## Your objective:
Pictures stay out. All the rest of the records must be repeated exactly.

☆ ☆ ☆ ☆

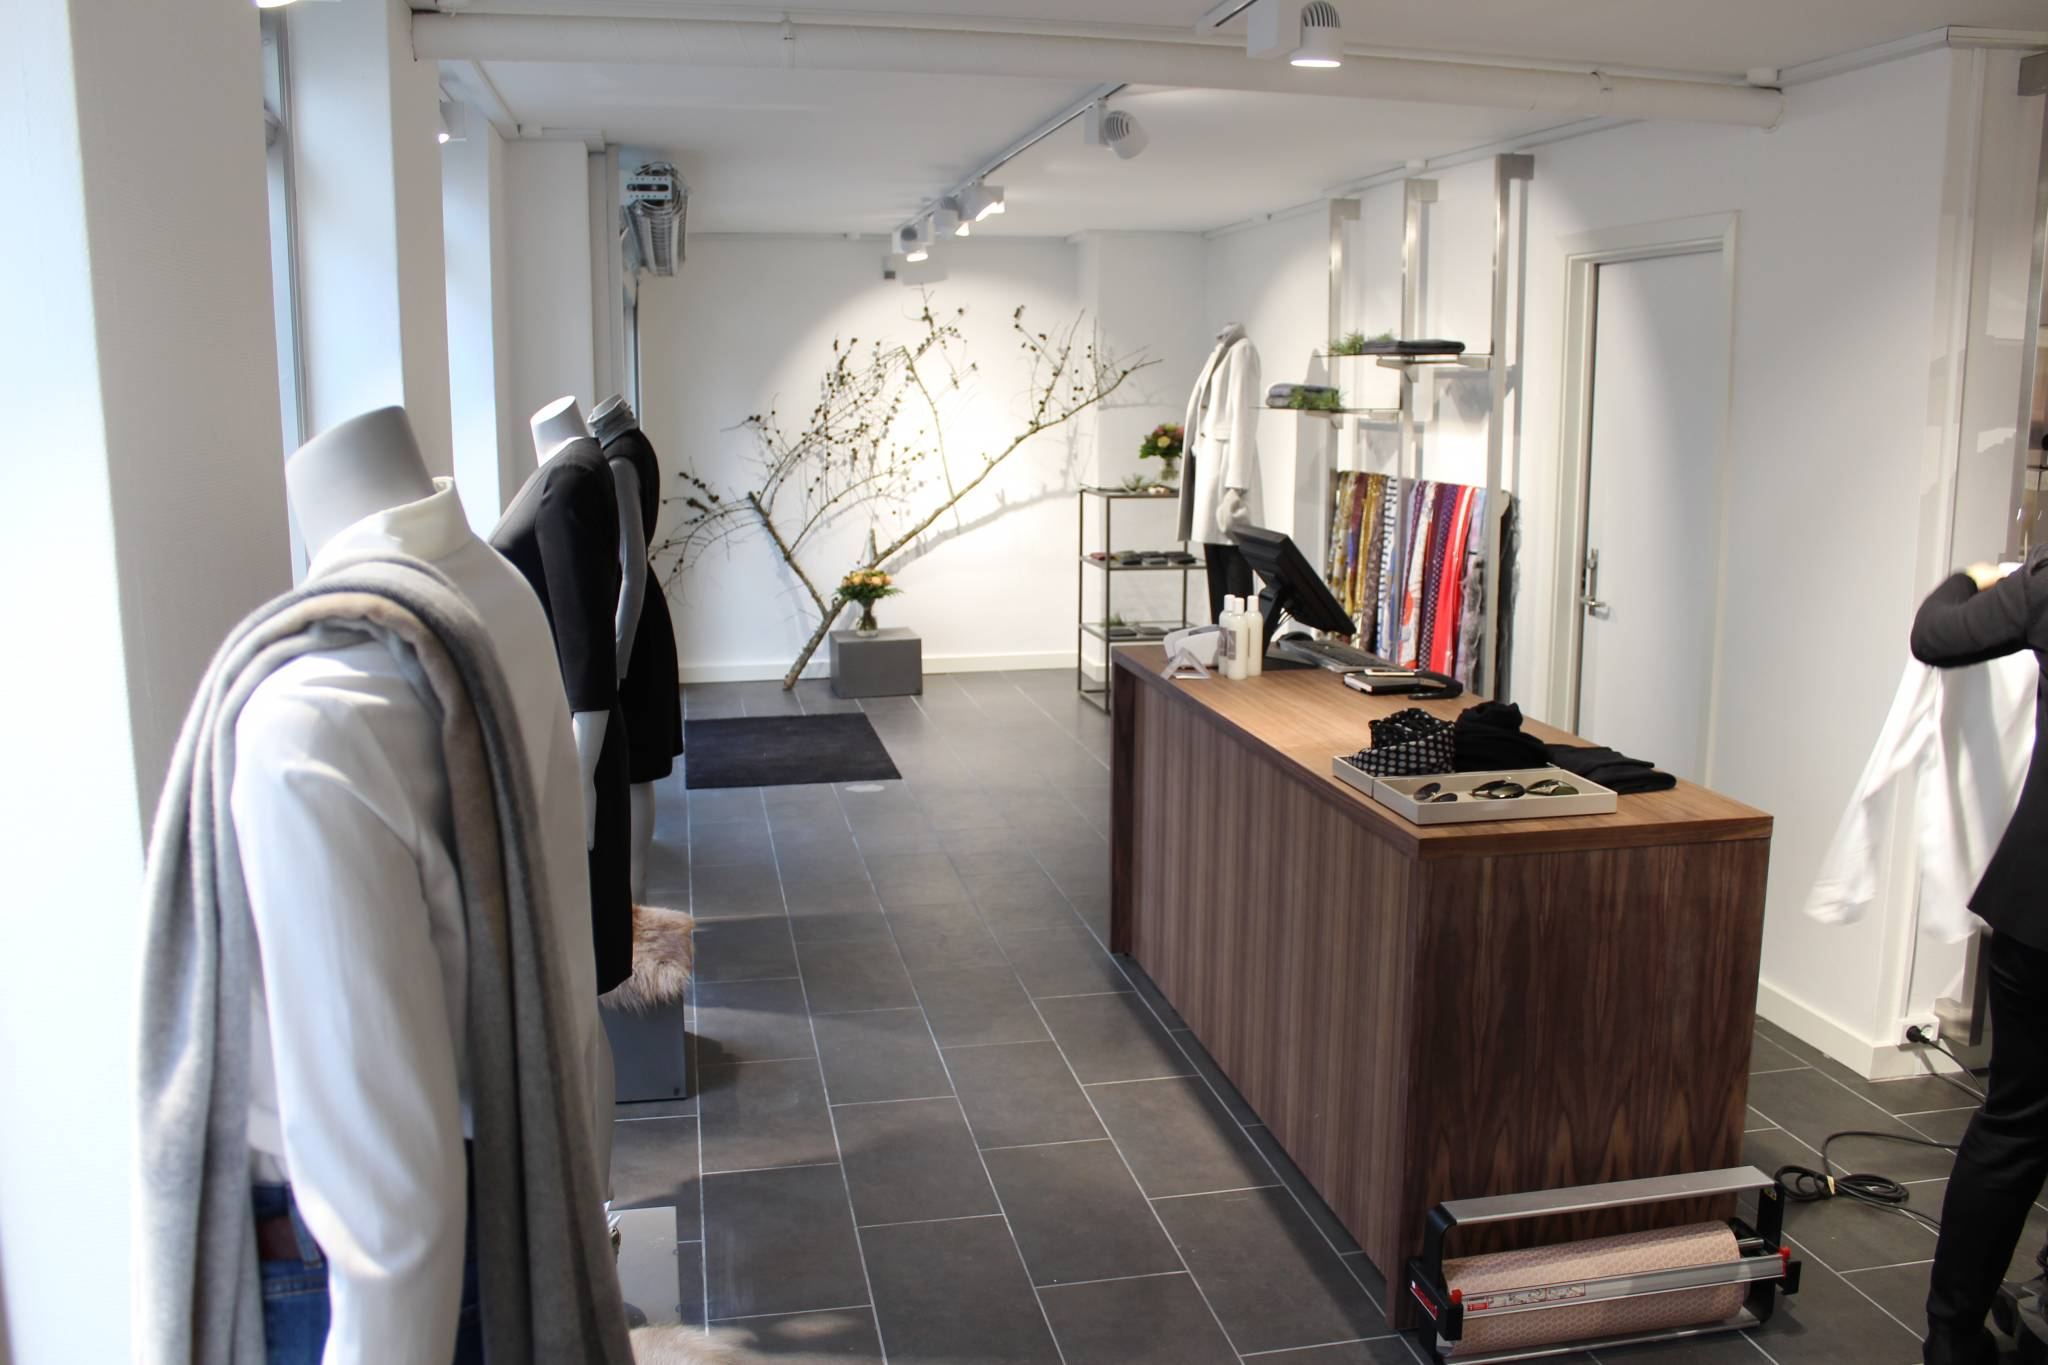 Butiksdisk i lækkert design med skuffer og hylder. Butiksinventar og butiksindretning.
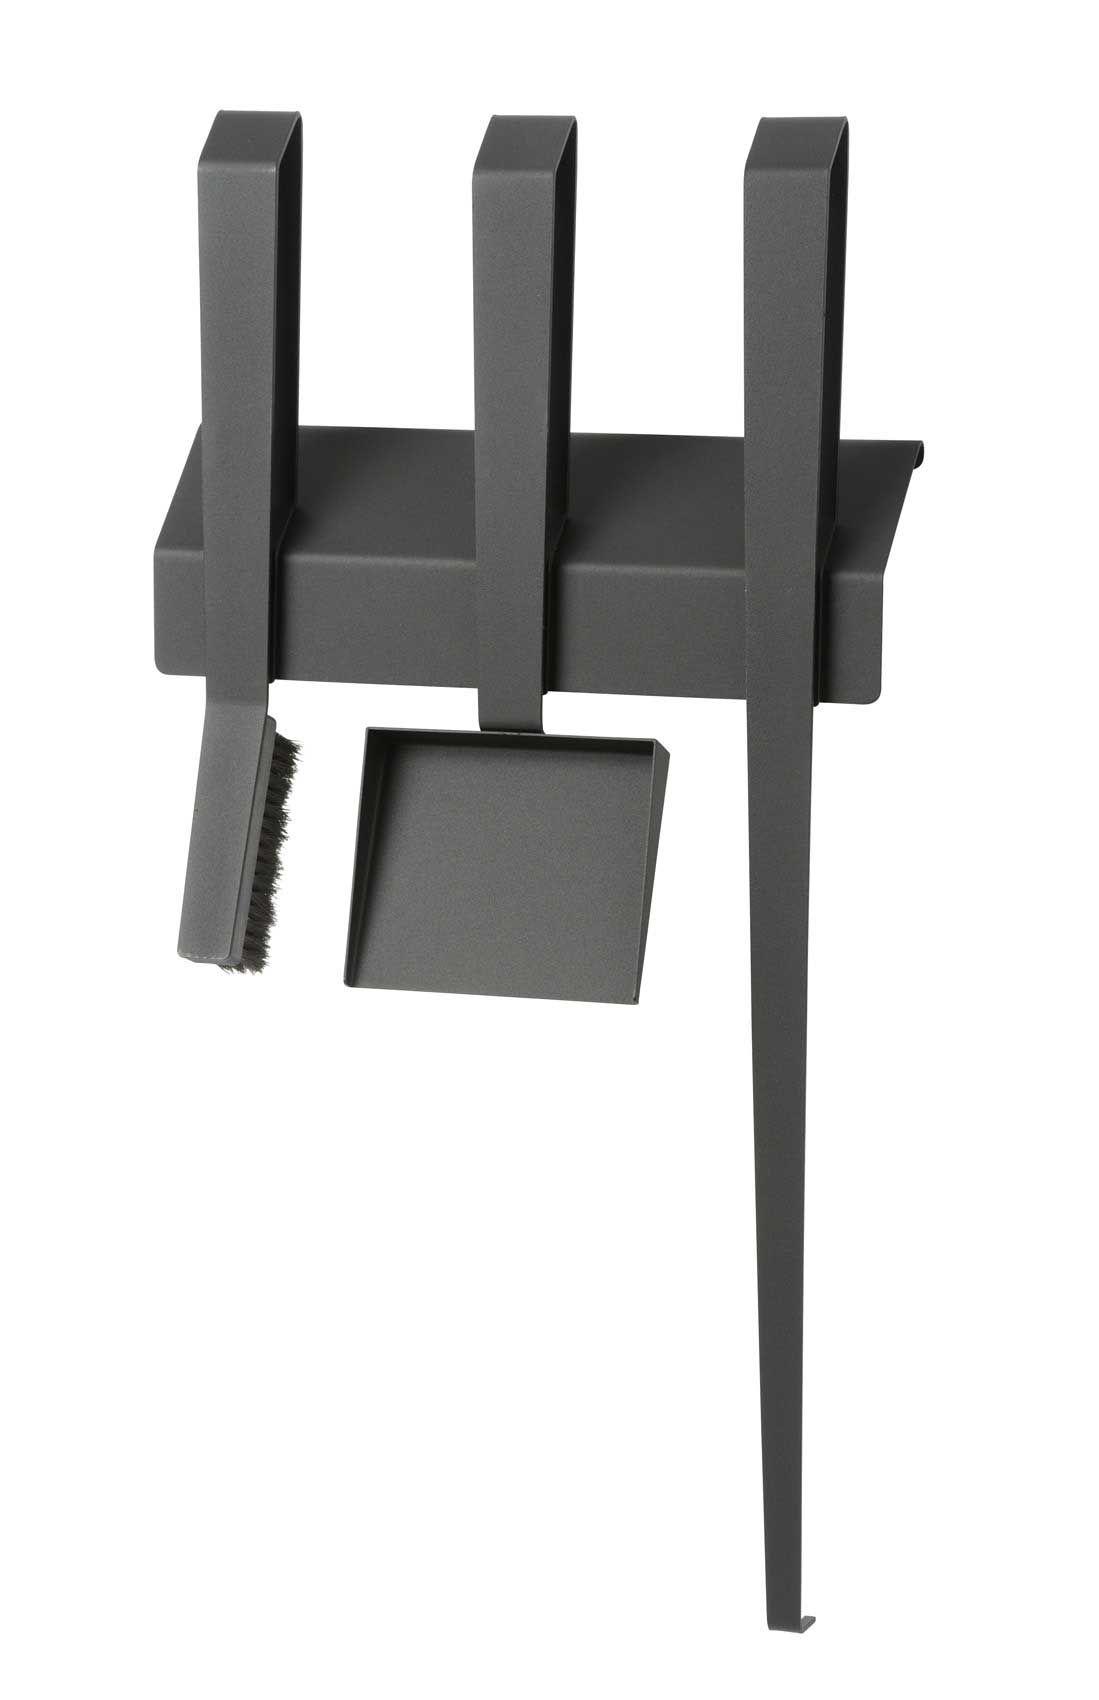 Schwarzer Stahl kaminbesteck edge iii 3 teilig wandhängend stahl schwarz
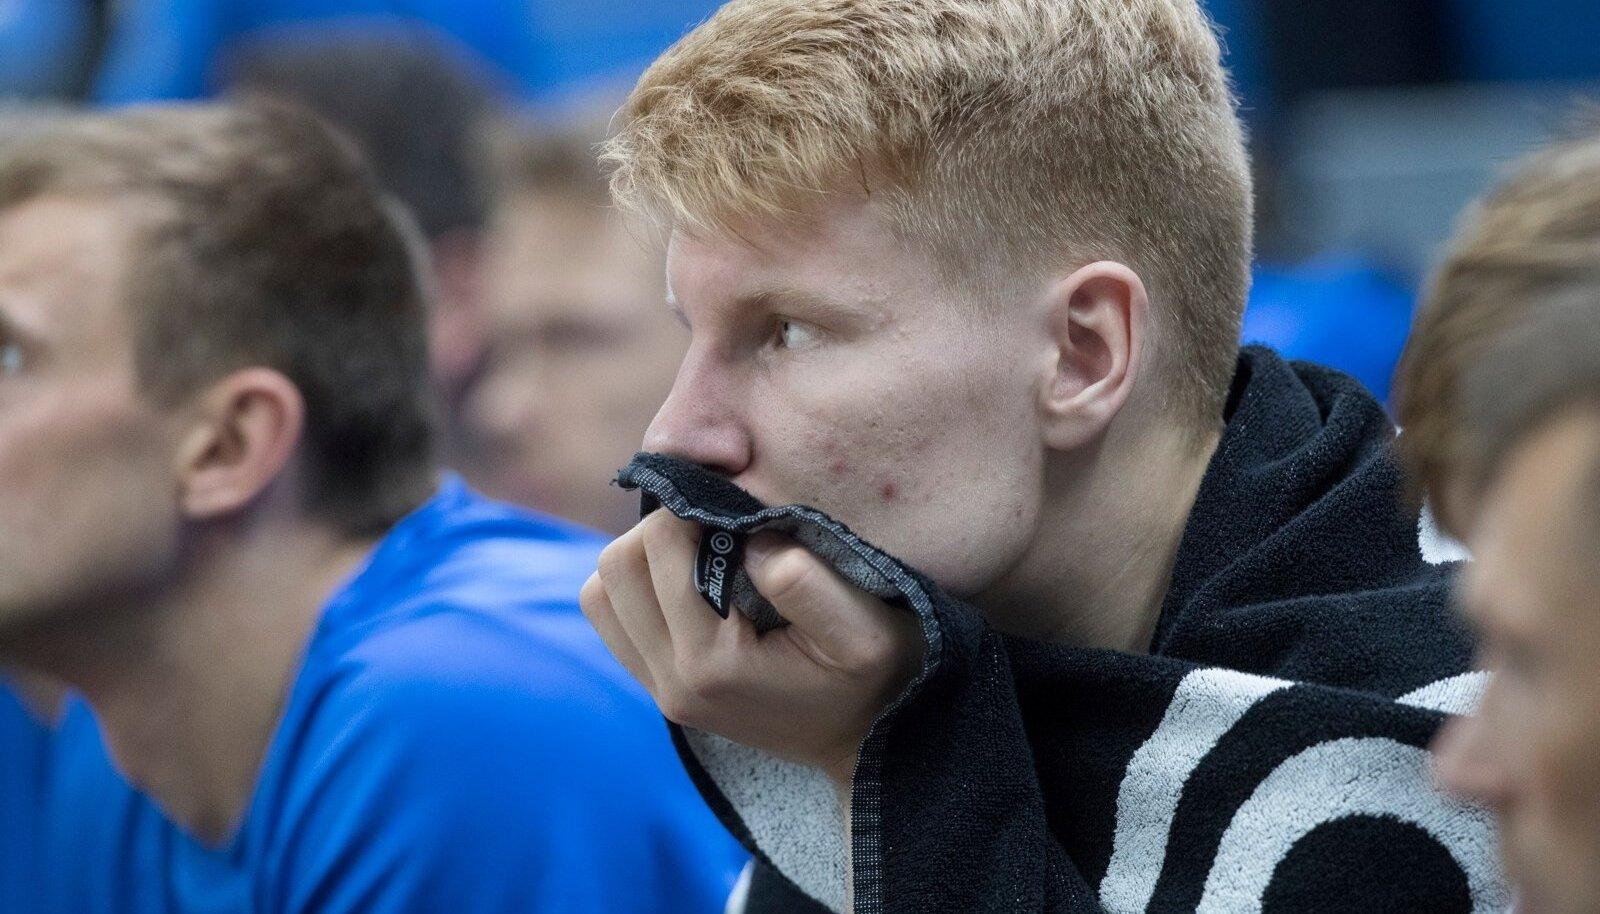 Ühisliiga mängudes pidi Matthias Tass leppima peamiselt varumeeste pingil istumisega.
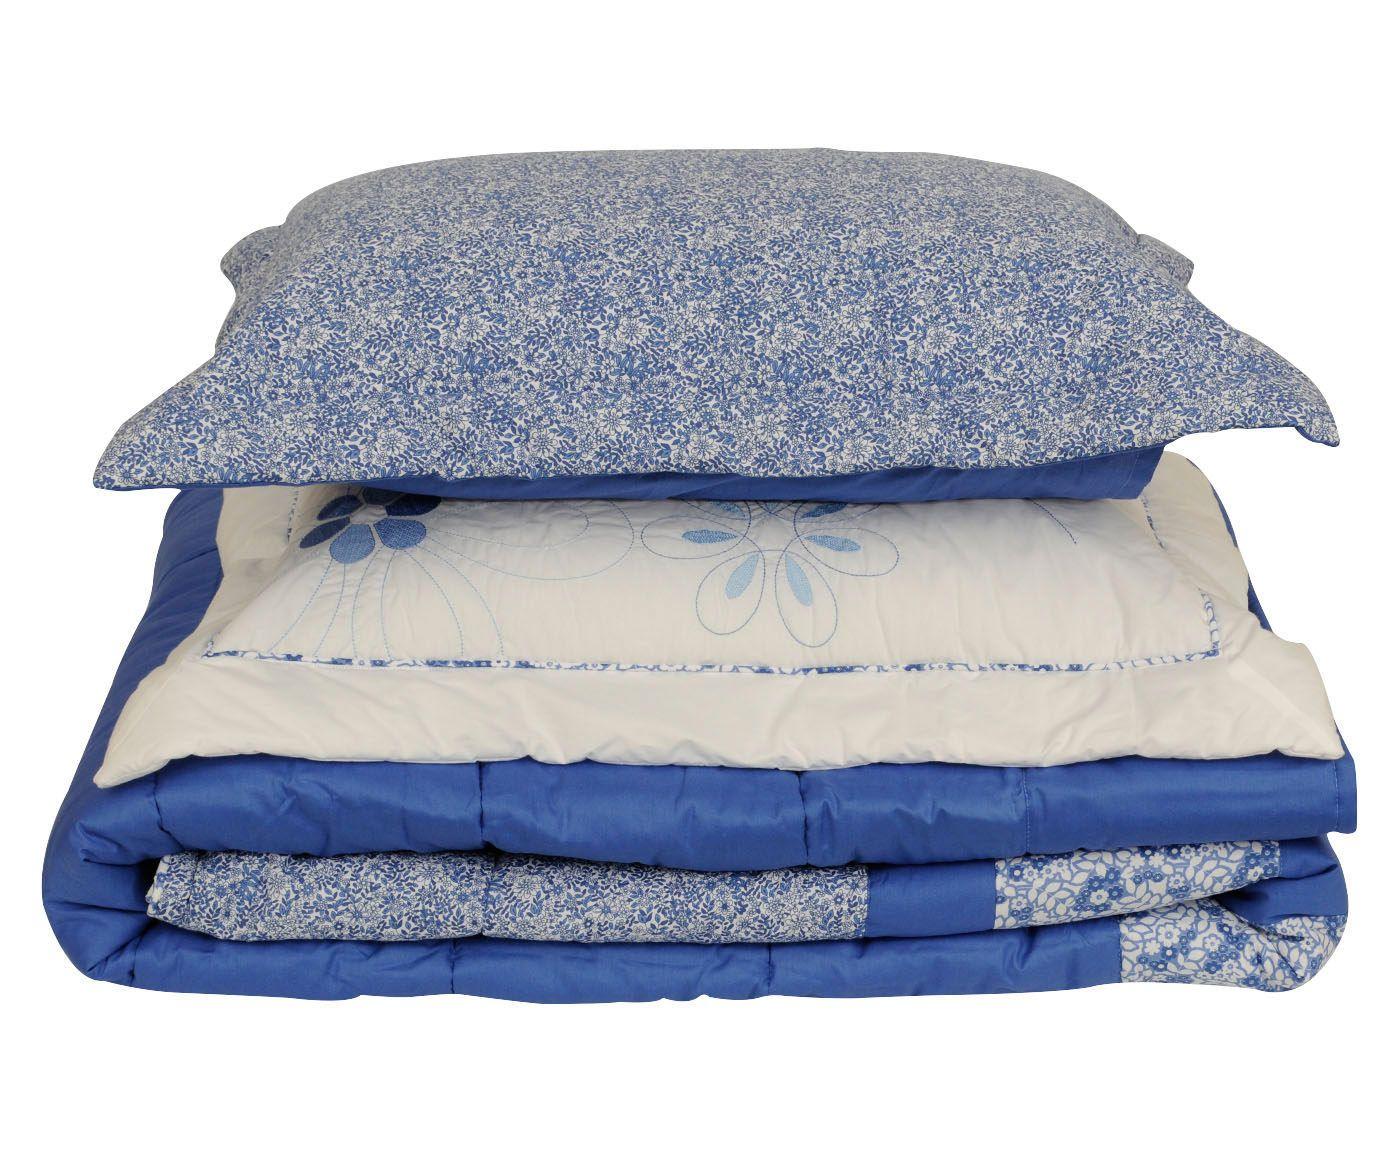 Jogo com colcha anis para cama queen size 200 fios | Westwing.com.br
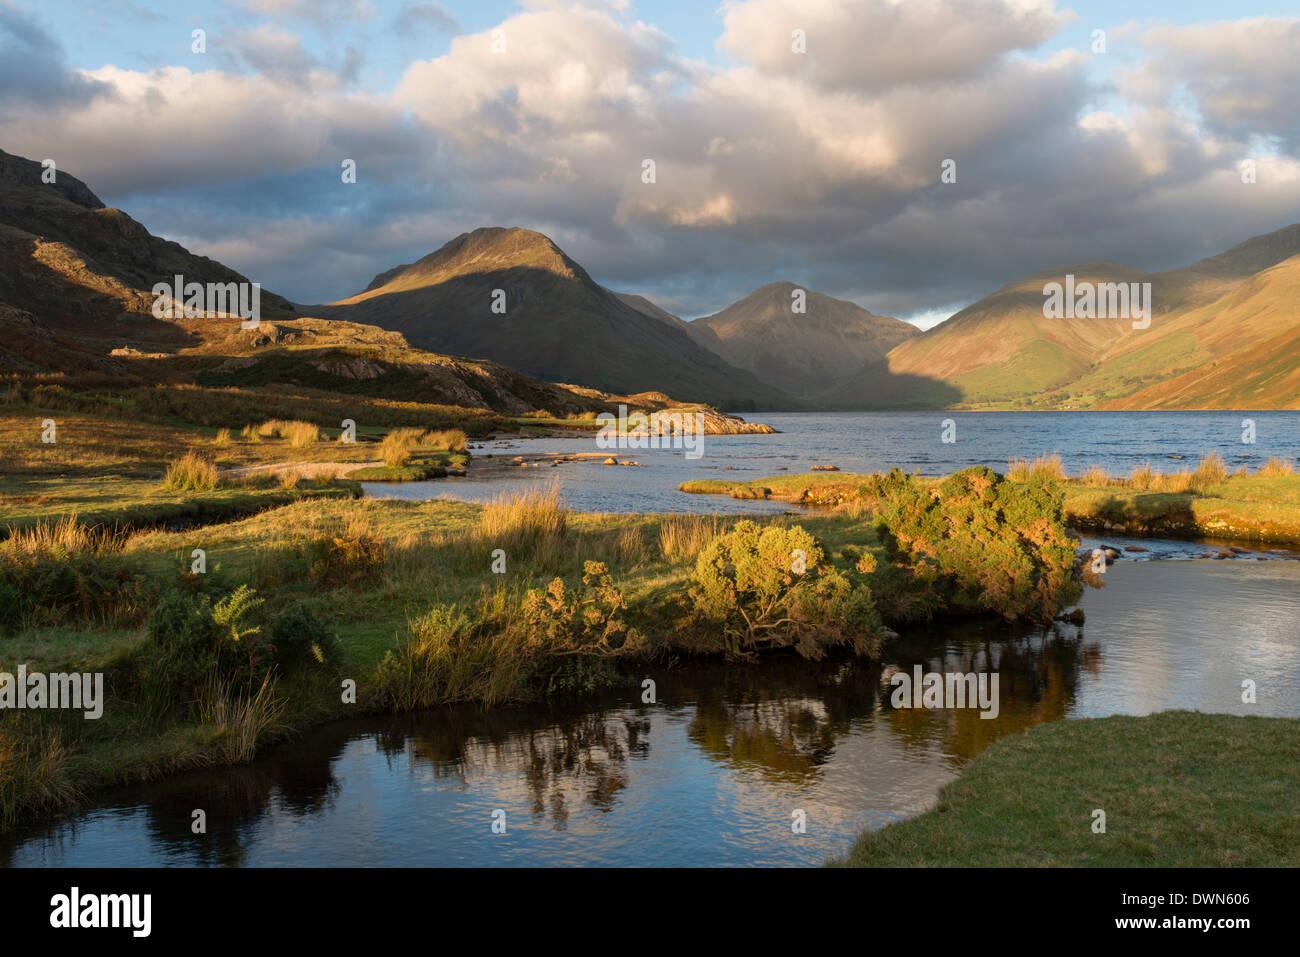 Schön spät herbstlichen Licht am Wastwater, Nationalpark Lake District, Cumbria, England, Vereinigtes Königreich, Europa Stockbild

☆ ☆ ☆ ☆

## Response:
 Butiksdisk i lækkert design med skuffer og hylder. Butiksinventar og butiksindretning.
 Schwarzer Stahl kaminbesteck edge iii 3 teilig wandhängend stahl schwarz
 Ühisliiga mängudes pidi Matthias Tass leppima peamiselt varumeeste pingil istumisega.
 Jogo com colcha anis para cama queen size 200 fios | Westwing.com.br
 Schön spät herbstlichen Licht am Wastwater, Nationalpark Lake District, Cumbria, England, Vereinigtes Königreich, Europa Stockbild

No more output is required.